UPDATE 2-Honeybee homicide case against Syngenta pesticide unproven

* British study says earlier research flawed

* Previous research led to French ban on pesticide

* Pesticide maker Syngenta says new study backs its argument

* Environmentalists say doubts remain about impact on bees

(Adds comment from Syngenta and Friends of the Earth)

LONDON, Sept 21 (Reuters) - British scientists have shot

down a study on declining honeybee populations that triggered a

French ban on a pesticide made by Swiss agrochemicals group

Syngenta.

France's farm minister Stephane Le Foll withdrew Syngenta's

marketing permit for the pesticide Cruiser OSR in

June, citing evidence of a threat to the country's bees.

But a study by Britain's Food and Environment Research

Agency with the University of Exeter says the results of the

original research were flawed.

The study, published in the journal Science, does not deny

that pesticides could be harmful to individual bees but argues

there is no evidence they cause the collapse of whole colonies.

"We do not yet have definitive evidence of the impact of

these insecticides on honeybees and we should not be making any

decisions on changes to policy on their use," said James

Cresswell, the ecotoxicologist who led the latest study.

The previous research, led by French scientist Mikaël Henry

and published in Science in April, showed the death rate of bees

increased when they drank nectar laced with the neonicotinoid

pesticide, thiamethoxam, the active ingredient in Cruiser OSR.

Neonicotinoids are among the most widely-used agricultural

insecticides.

Henry's work calculated this would cause a bee colony to

collapse completely but Cresswell said the French study seemed

to have used an inappropriately low birth rate, underestimating

the rate at which colonies can recover from the loss of bees.

"They modelled a colony that isn't increasing in size and

what we know is that in springtime when oilseed rape is

blossoming they increase rapidly," Cresswell told Reuters.

The French study has been cited by scientists,

environmentalists and policy-makers as evidence of the impact of

these pesticides on bees, which are declining around the world.

"We know that neonicotinoids affect honeybees, but there is

no evidence that they could cause colony collapse," said

Cresswell. "When we repeated the previous calculation with a

realistic birth rate, the risk of colony collapse under

pesticide exposure disappeared."

DOSAGE DOUBTS

Cresswell said Henry's research also used a dosage of

pesticide equivalent to a whole day's intake by the bees, akin

to testing the effect of coffee on people by making them drink

eight cups in one go, rather than spread out over the day.

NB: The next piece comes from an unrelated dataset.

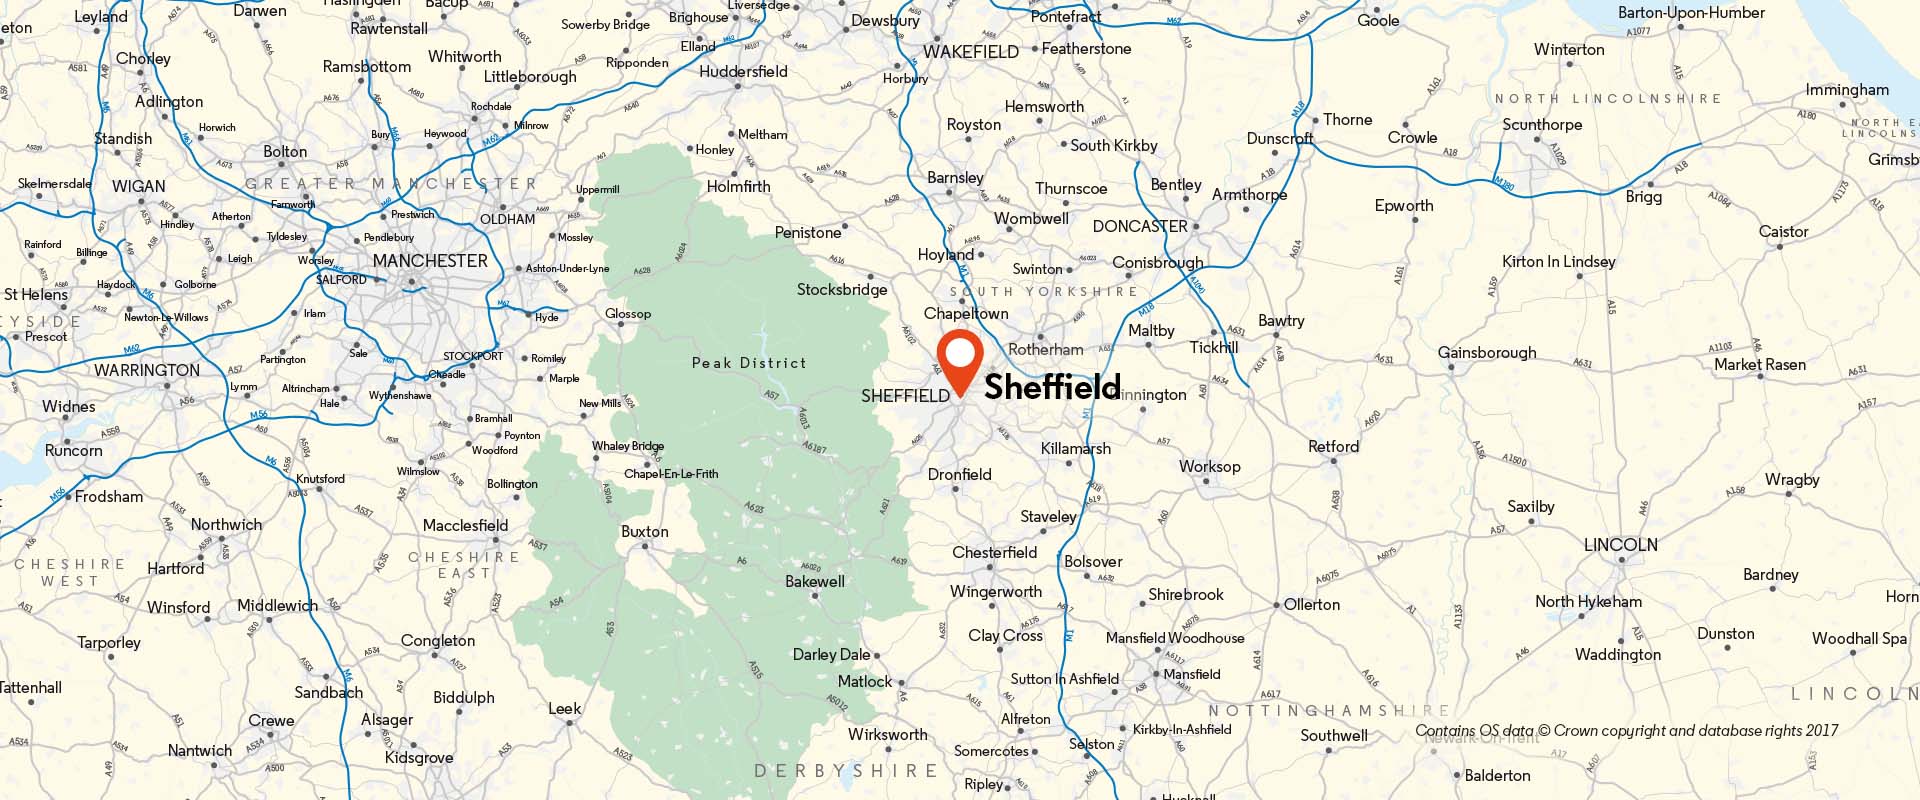 Sheffield CoM location

Henry said he was "perfectly comfortable" with the new

findings, adding in an emailed response to Reuters: "The model

we used predicts a major deviation from the expected colony

dynamics, rather than a collapse per se."

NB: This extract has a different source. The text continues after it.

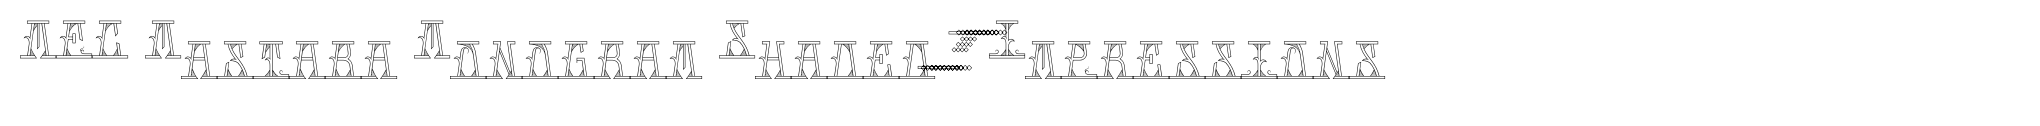 MFC Mastaba Monogram Shaded 10000 Impressions image

The April paper in Science said exposure to thiamethoxam

"causes high mortality due to homing failure at levels that

could put a colony at risk of collapse".

Syngenta lost a court bid in July to overturn the French ban

on Cruiser OSR, which meant the pesticide was not used for

rapeseed sowing in August and September.

"It's important for us that what we had argued is now

supported by a scientific study," Syngenta France spokesman

Laurent Peron told Reuters. "We are going to use the findings of

this study but it's too early to say in what way."

The French farm ministry declined to comment.

Environmental campaign group Friends of the Earth argued

that sales of the pesticide should be halted while any doubt

about their impact on bees remained.

"Neonicotinoid pesticides cannot be given a clean bill of

health until they have been properly tested for their effect on

all bees, not just honeybees," said campaigner Paul de Zylva.

Cresswell said: "I am definitely not saying that pesticides

are harmless to honeybees, but I think everyone wants to make

decisions based on sound evidence, and our research shows that

the effects of thiamethoxam are not as severe as first thought."